4 сентября 1830 года по страшной грязи приехал я во Владимир и приютился до приискания квартиры у инспектора Агапита (он был после директором в Вифании, а затем архимандритом в московском Новоспасском монастыре). 9 числа вступил в должность.
По случаю умножения учеников философский класс был разделен на три отделения. Я поступил в 3-е отделение, в котором было 110 человек. Тогда, да и ныне, кажется тоже, считался главным один предмет, на который и обращалось все внимание, а прочие, второстепенные, изучались без всякого значения; поэтому и наставник главного предмета считался в классе первым и главным наставником. Действительно, он имел большое влияние на развитие учеников и голос его был решительный во всех почти случаях. Таким образом, принявши на себя звание профессора философии — главного и важного по существу своему предмета, я принял на себя большую ответственность пред Богом и своей совестью. Исполнить свою обязанность так, как следует, я решительно не мог: ни опытности, ни достаточных сведений не было, но было у меня одно, смею сказать, достоинство: я считал за грех быть дармоедом и искренно желал добра своим ученикам. Это чувство заставило меня трудиться много, и я действительно трудился.

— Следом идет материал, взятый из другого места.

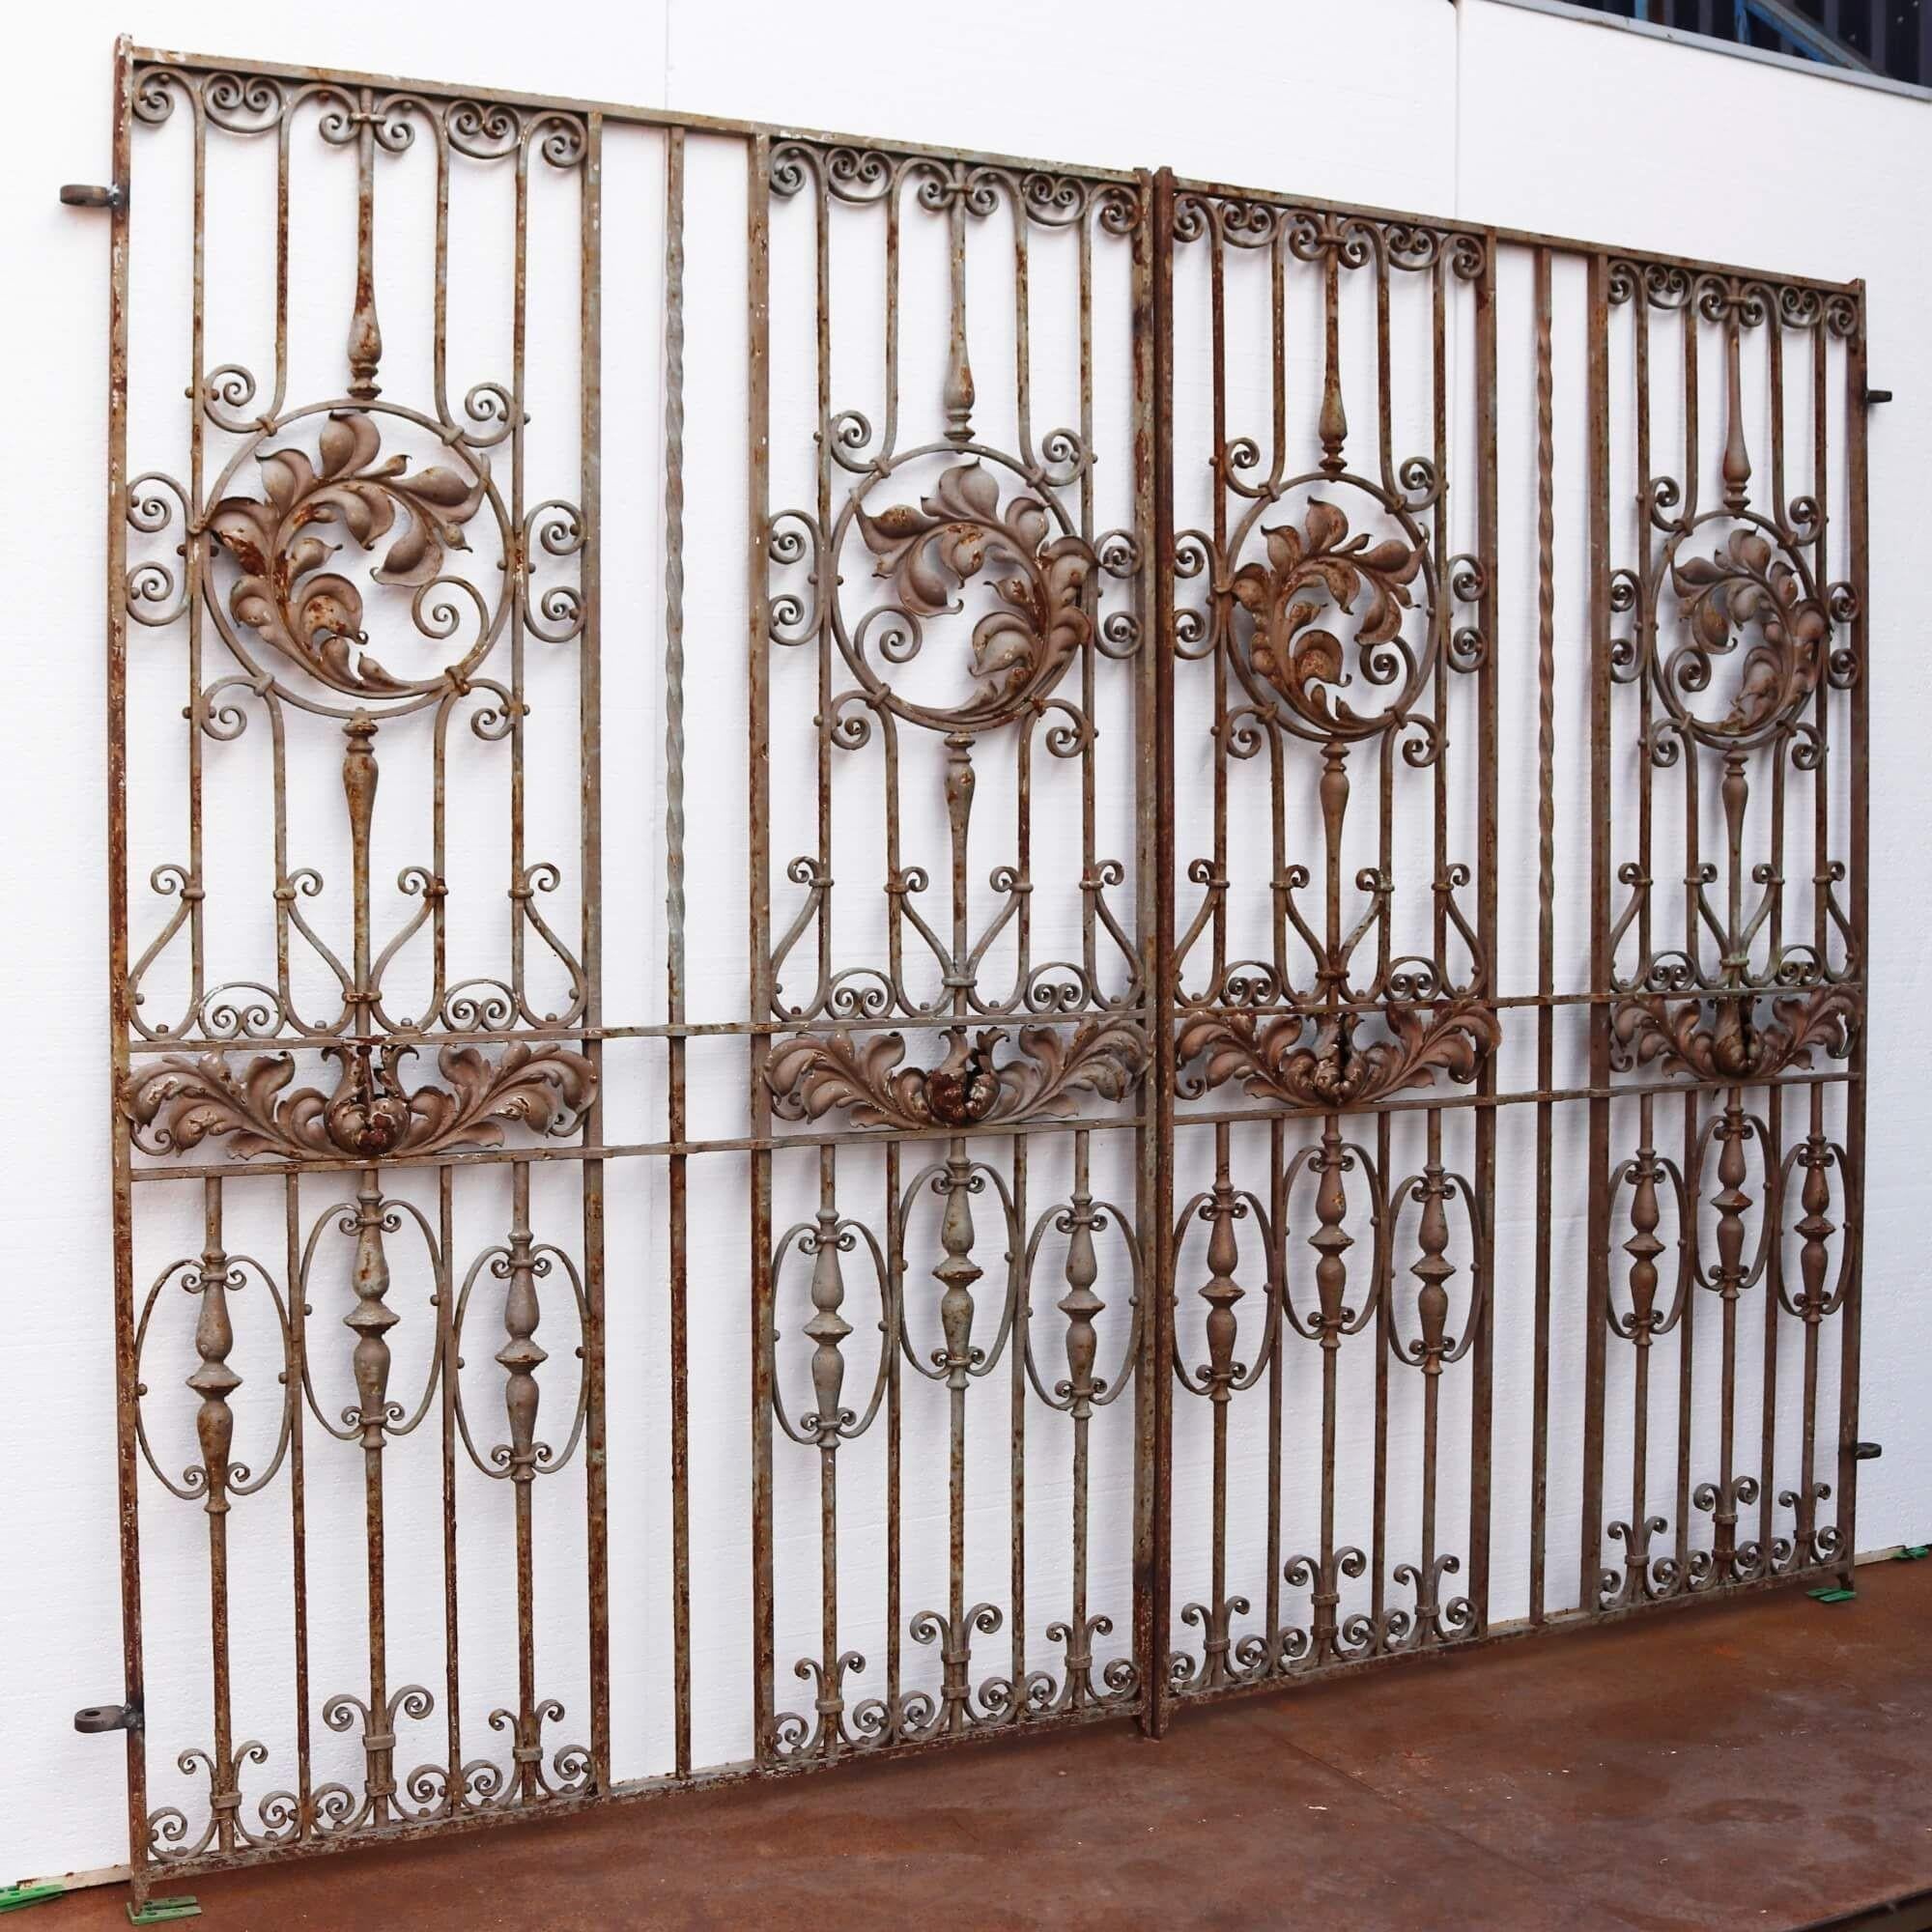 Set of French Antique Wrought Iron Driveway Gates 294cm (9’6”) In Fair Condition For Sale In Wormelow, Herefordshire

Пришлось опять просиживать за полночь над мудрыми философскими системами, над составлением своих записок (хотя и был учебник дан в руководство, но им никто не пользовался), над ученическими тетрадками. Каждый месяц ученики подавали по одной задаче на русском языке и одну на латинском. Все до одной я просматривал тщательно, делал свои замечания и сдавал ученикам обратно со словесными объяснениями. Эта работа была самая скучная, требовала от меня много времени и терпения, зато ученикам послужила в пользу. Многие ребята с дарованиями стали излагать свои мысли строго, отчетливо, даже с некоторым изяществом. В которых я замечал больше других способностей, тех призывал к себе на квартиру, давал читать книги, стараясь поселить любовь к умственному труду, пробудить соревнование. Некоторые воспользовались моими молодыми, но зато искренними наставлениями и пошли далеко. От семинарских приносов я решительно отказался, ни после праздников, ни перед праздниками не смели ко мне являться ни с кульками, ни с ассигнациями. По моему понятию — это гнусный обычай, унижающий наставника; трудно ему быть беспристрастным к мальчику, с которого он взял взятку (впрочем, и со мной, кажется, были три случая: должен был уступить грубой настойчивости и самой унизительной просьбе). Мой первый курс был очень счастлив тем, что в нем было много ребят даровитых, которые после вышли в люди, но несчастлив тем, что два раза прерывалось ученье появлением холеры.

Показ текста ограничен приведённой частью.